We want our dogs to be our companions, our pets. Most of us are not relying upon them to tell us when a pack of jackals is about to attack our livestock, or a poisonous snake is in camp, or someone has invaded our territory. Most of us are not relying upon them as working dogs, to help us put meat on the table. Yet these traits are still alive with vitality in the Azawakh breed.
So, what role do they or should they play in the shaping of the future of this breed in America?
These traits, once beneficial, can pose more of a hurdle to a contemporary Westerner who may live in modern, semi-congested circumstances in the suburbs or cities where we need to interact around a lot of distractions with all kinds of people passing by and a number of other dogs all moving around the same area. Squirrels, plastic bags on the wind, bicycles… We want to pass by on the sidewalk, or go to the dog park or beach or hiking trail with our dogs and reasonably interact with other people and dogs out having a day of it too. More and more folks are noticing the beauty of the breed and want to take them up as show dogs. But what does standing for inspection at a conformation event have to do with their natural desire to run and chase things, or roam a wide territory, or alert to something in their environment? Whether as show dogs or pets or for some other performance event, it is vital to understand the working background of the breed shaped through the needs of traditional people through millennia. Often though, we simply want them to adapt to us immediately, and fit into our contemporary lives now.
There are those that would argue that needing a learning curve to handle this breed well, shouldn't be necessary. They should simply have friendlier, more easy-going temperaments that anyone can manage. I believe this to be incorrect and this is clearly changing the breed for Western preferences rather than preserving original, working traits that have endured for thousands of years.
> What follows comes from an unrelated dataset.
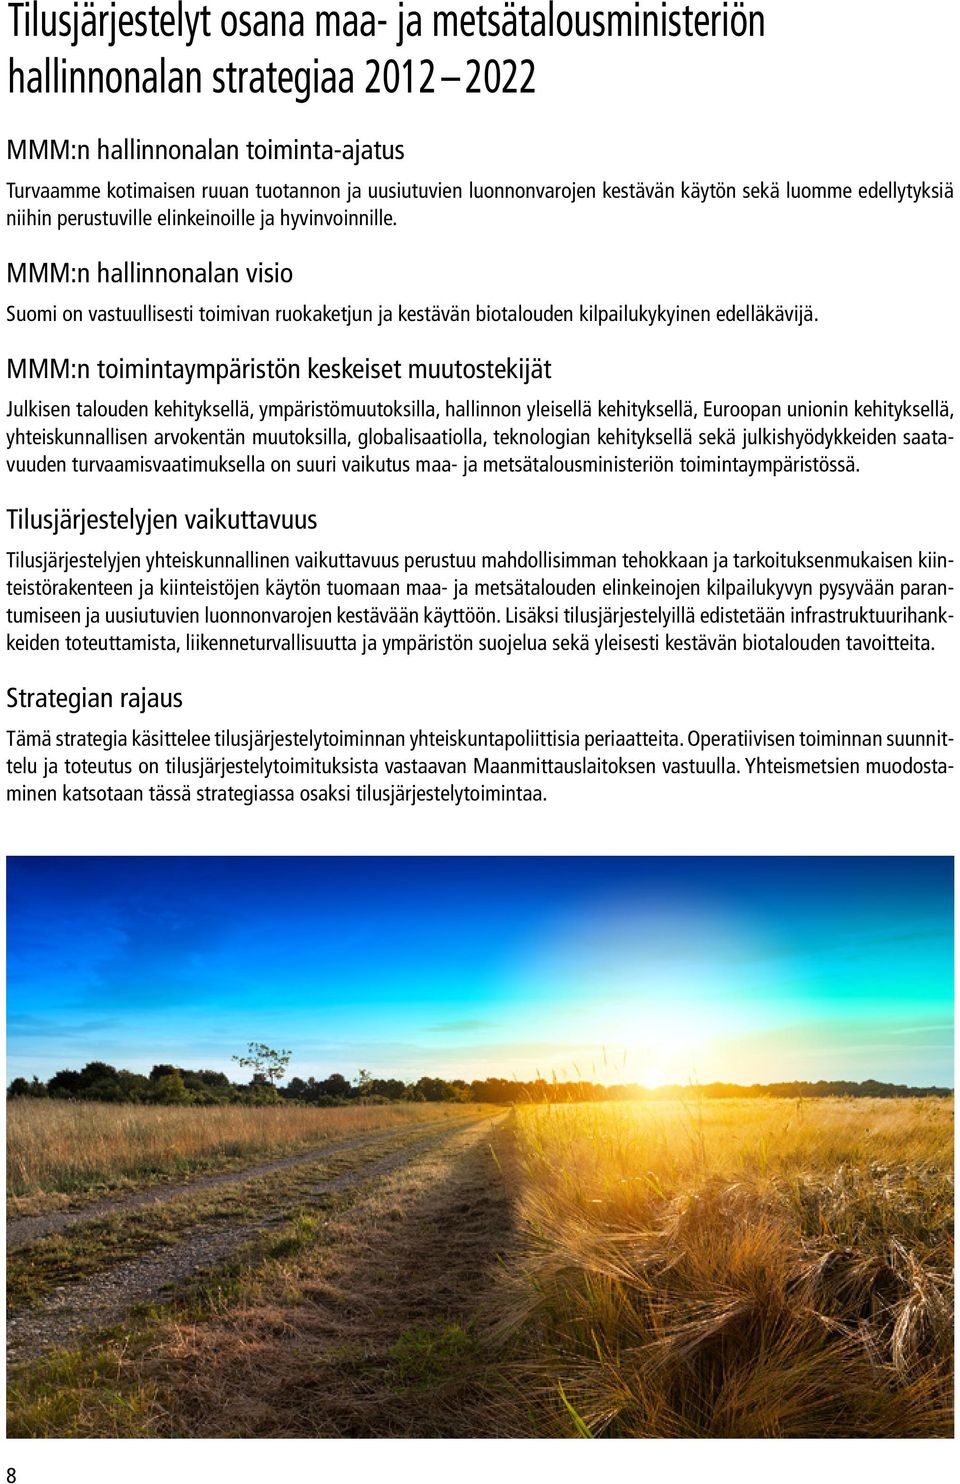 MMM:n hallinnonalan visio Suomi on vastuullisesti toimivan ruokaketjun ja kestävän biotalouden kilpailukykyinen edelläkävijä.

Their balanced temperament, as it is, does not leave them unmanageable or unadaptable to modern circumstances. Rather, it is the people that will have to be better owners and truly educate themselves to be sensitive and aware of dog behavior in order to calmly and confidently guide their canines through training and socialization and take preemptive action, intervening in certain situations.
Perhaps if we look at these traits with an open mind and appreciate what a service they have been to their traditional people throughout the ages, we can find a balanced approach to sharing our lives in the modern, western world with these amazing creatures.
Finding a way forward by taking advantage of their natural instincts, putting these ancient traits into practice to preserve them for the future. As they gain wider recognition, more emphasis needs to be put on activities that challenge the intellect and athletic abilities of the breed. A wider audience among those with 'working/performance' interests could be developed. For those people interested in 'preservation,' what are we wanting to retain of that essential, elusive quality of spirit that the Azawakh possesses and what does 'preservation' fully encompass?
Is it even possible to keep and maintain a breed in a different time and place, under different circumstances without inevitably changing them? Without inevitably adapting them to suit our particular individual and/or contemporary needs?
It's been a relatively small group of us that have seen the Azawakh thus far into the western landscape. With AKC recognition on the horizon and growing interest from pet owners, it is those of us with a true passion and dedication to the breed that will have to help set out a path for the future of the Azawakh in America.